NPS Vatsalya Scheme Launch Today: NPS Vatsalya is a new pension program specifically for minors. Parents and guardians can spend as little as ₹1,000 annually in their child’s future, making it affordable for families of all economic levels.
Finance Minister Nirmala Sitharaman will launch the much-awaited NPS Vatsalya Scheme on Wednesday, September 18. This project, announced in Budget 2024, seeks to financially safeguard children’s futures by encouraging guardians to invest in pension accounts on their behalf. The plan will be introduced at 3 p.m. in New Delhi, with 75 places participating virtually.
What is The NPS Vatsalya Scheme?
National Pension System (NPS) Vatsalya scheme is a full form of a new pension program specifically for minors. Parents and guardians can spend as little as ₹1,000 annually in their child’s future, making it affordable for families of all economic levels.
The scheme’s goal is to produce wealth through long-term investments that leverage compounding. As part of their enrollment in the National Pension System (NPS), children will obtain PRAN cards (Permanent Retirement Account Numbers).
Key benefits of the NPS Vatsalya Scheme
- Protection against uncertainty and long-term financial security
- Teaching financial responsibility (concept of pension planning)
- Encouragement for long-term investment
- Flexibility in future financial planning
- Benefits of compound interest with long-term investment
NPS Vatsalya Scheme Eligibility
Indian citizens can set up an NPS Vatsalya account for their children. Guardians of minors are also eligible. Once the child reaches 18, the account can be simply transformed into a conventional NPS Tier-I account.
NPS vatsalya scheme features
Parents can manage their child’s account by selecting from a variety of investment options:
Default choice: Moderate Life Cycle Fund (LC-50) with 50% equity exposure.
Auto Choice: Select between Aggressive (LC-75) to Conservative (LC-25).
Active Choice: Guardians can tailor fund allocation, with up to 75% equity exposure and a variety of corporate debt, government securities, and alternative assets.
Contributions start at ₹1,000 per year and are unlimited.
Death and succession rules of the NPS Vatsalya Scheme
In the event of a subscriber’s death, the full corpus is returned to the guardian, who is the registered nominee.

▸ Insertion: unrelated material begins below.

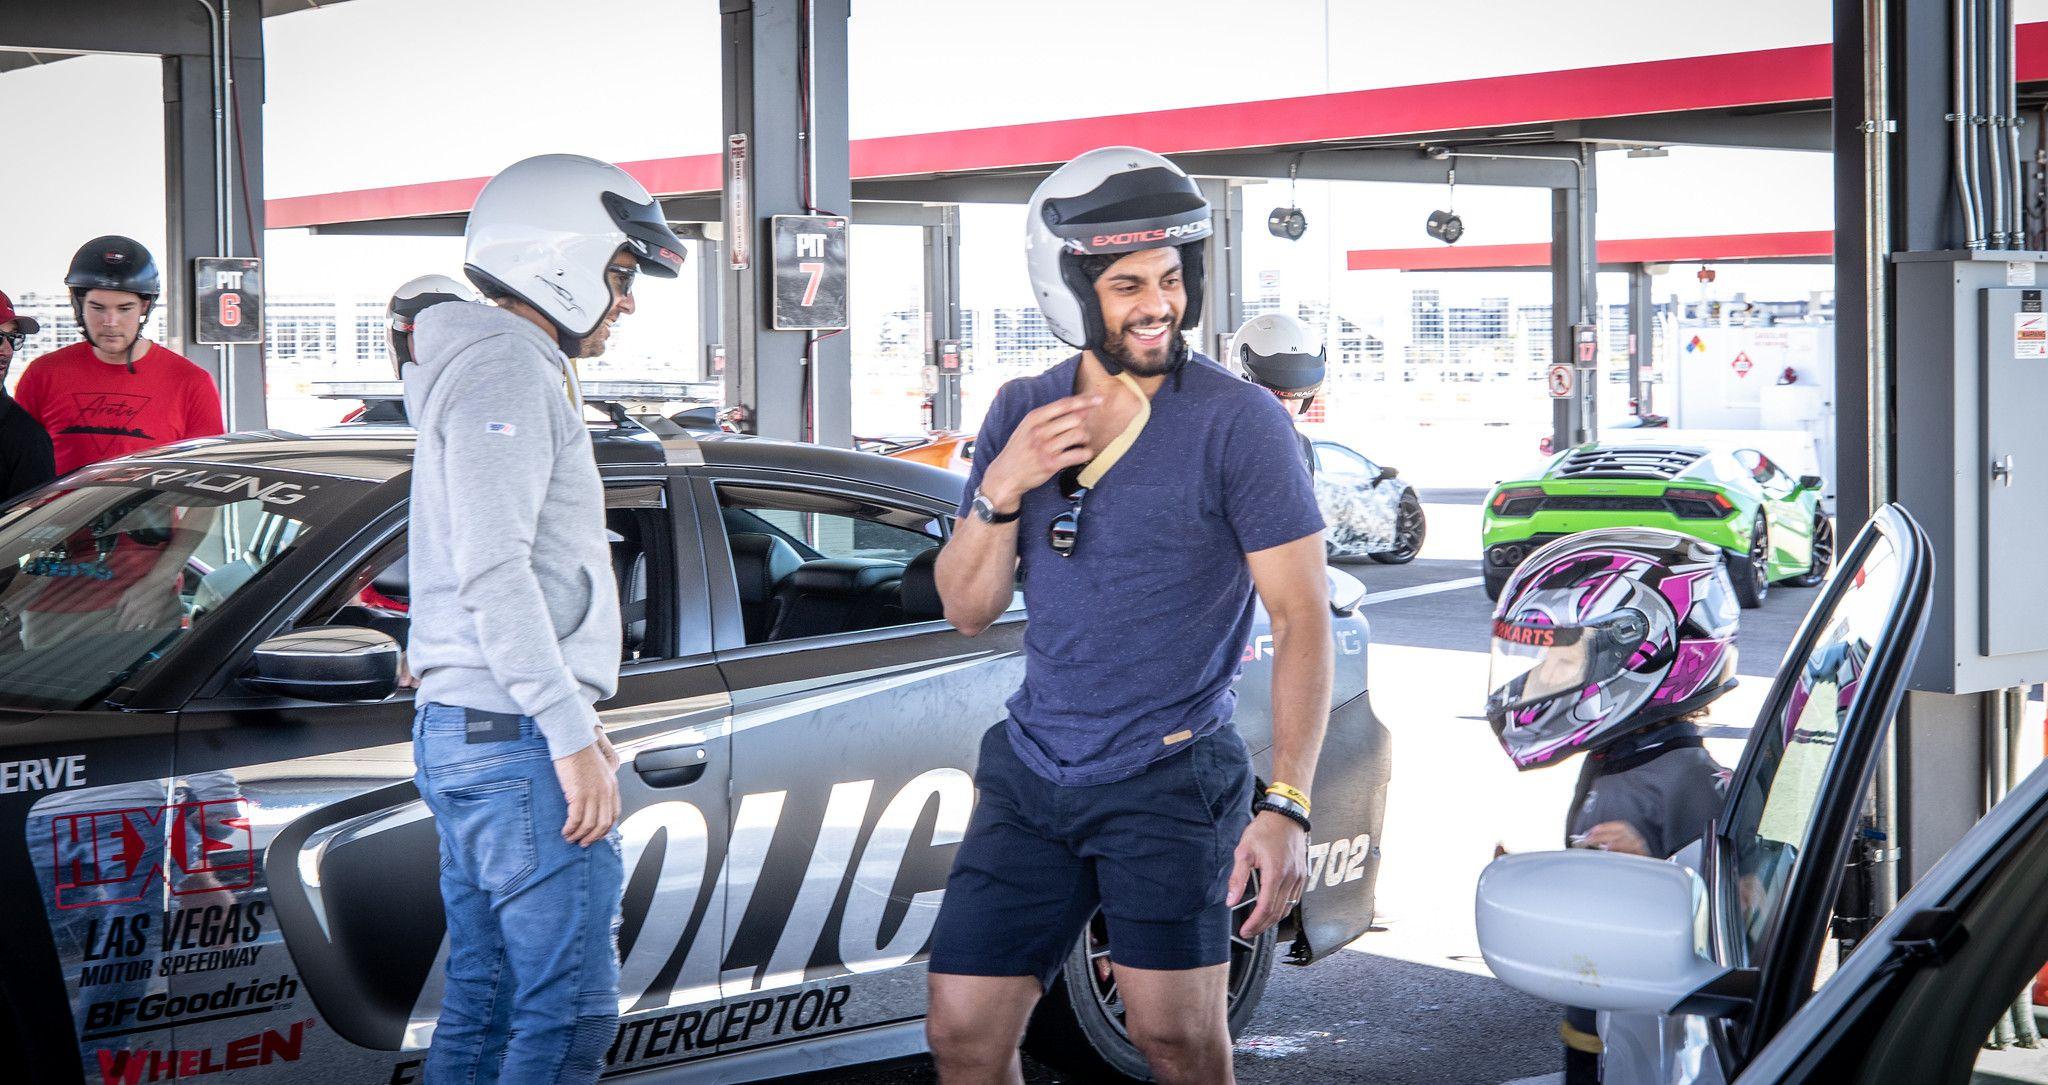 Celebrity Sighting Vegas Golden Knights Drive Supercars Go Karts At Exotics Racing Go Kart Vegas Golden Knights Super Cars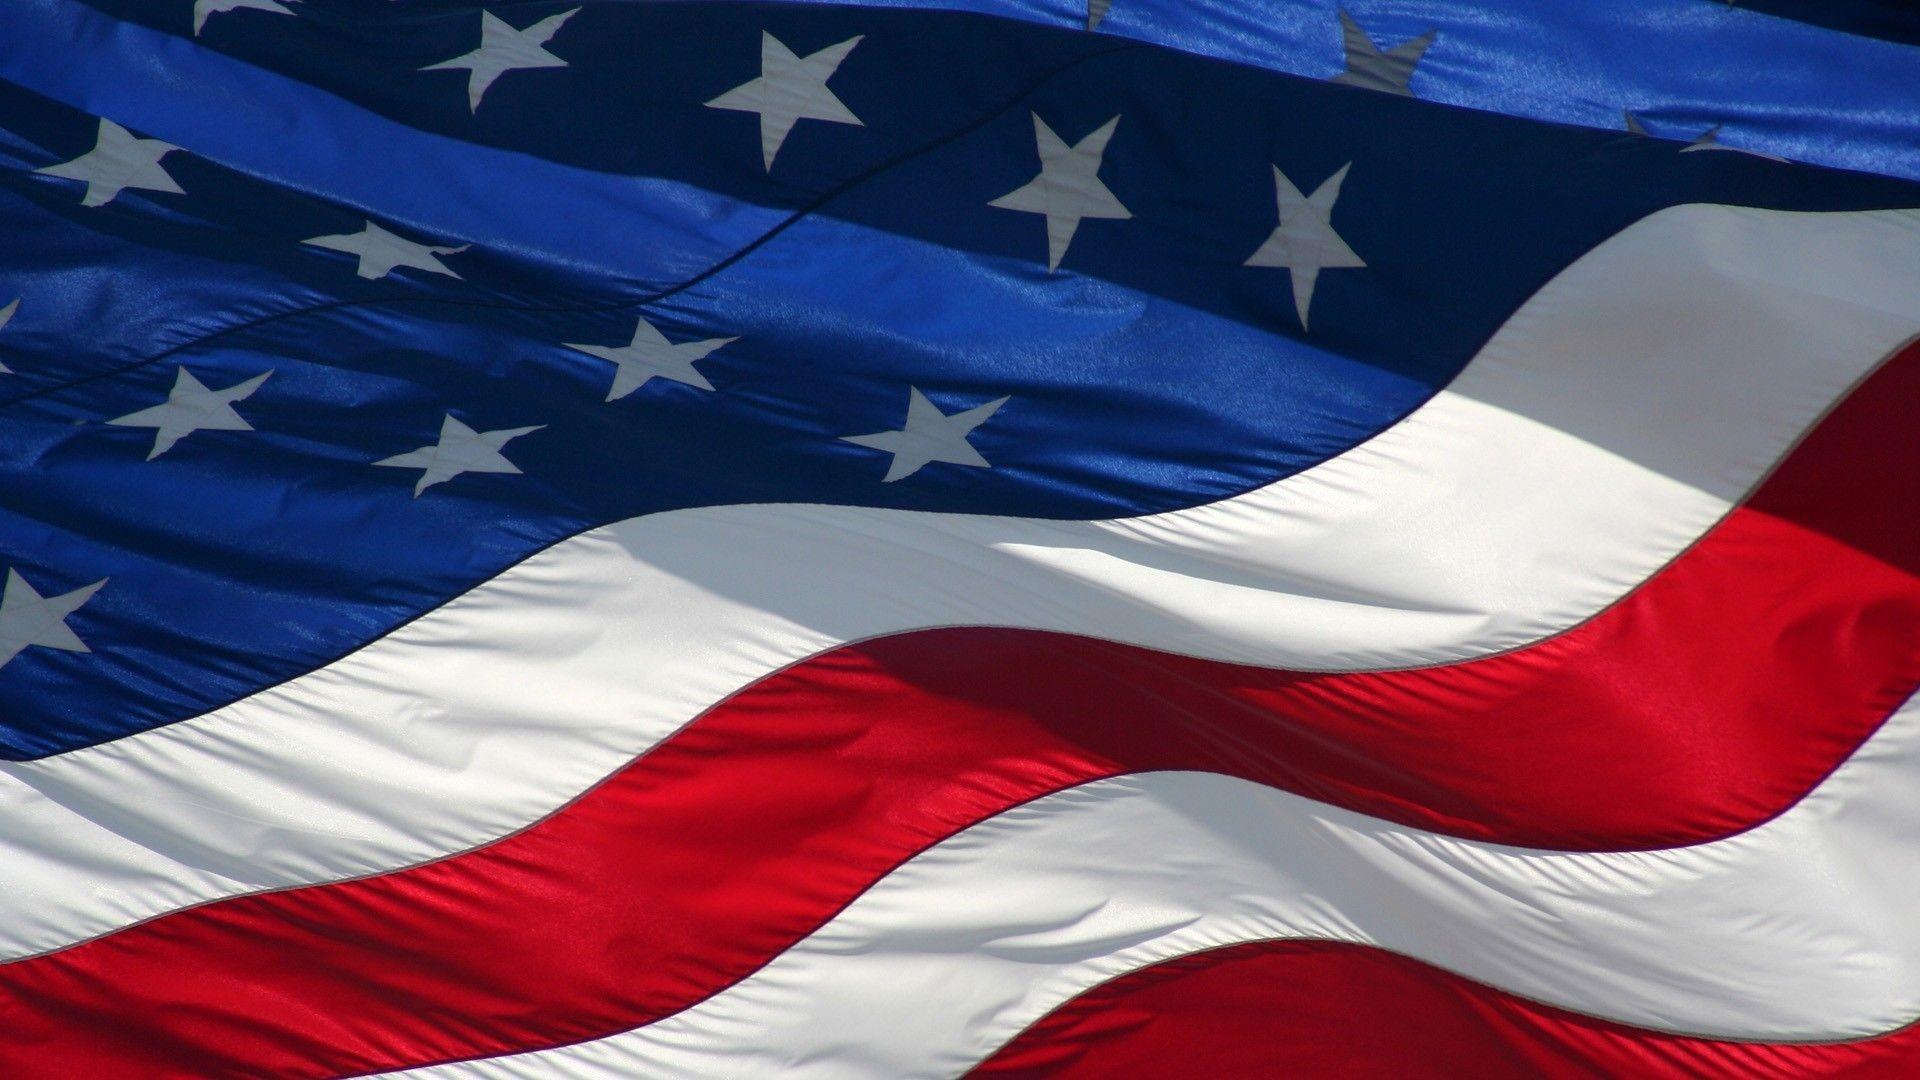 American Flag Desktop Backgrounds · American Flag Desktop Backgrounds free  powerpoint background

If the guardian passes away, another guardian can be appointed using a new KYC. If both parents die, a legal guardian can continue to contribute or wait until the kid reaches the age of 18 before making any further investments.
After turning 18
When the child reaches adulthood, the NPS Vatsalya account becomes a conventional NPS Tier-I account. Key possibilities include:
Continuing the account: Subscribers can continue investing after 18 years with a new KYC within three months.
Exiting NPS: Subscribers can exit by reinvesting 80% of their funds in an annuity plan and taking 20% as a lump amount.
If the total corpus is less than ₹2.5 lakh, you can withdraw the entire amount.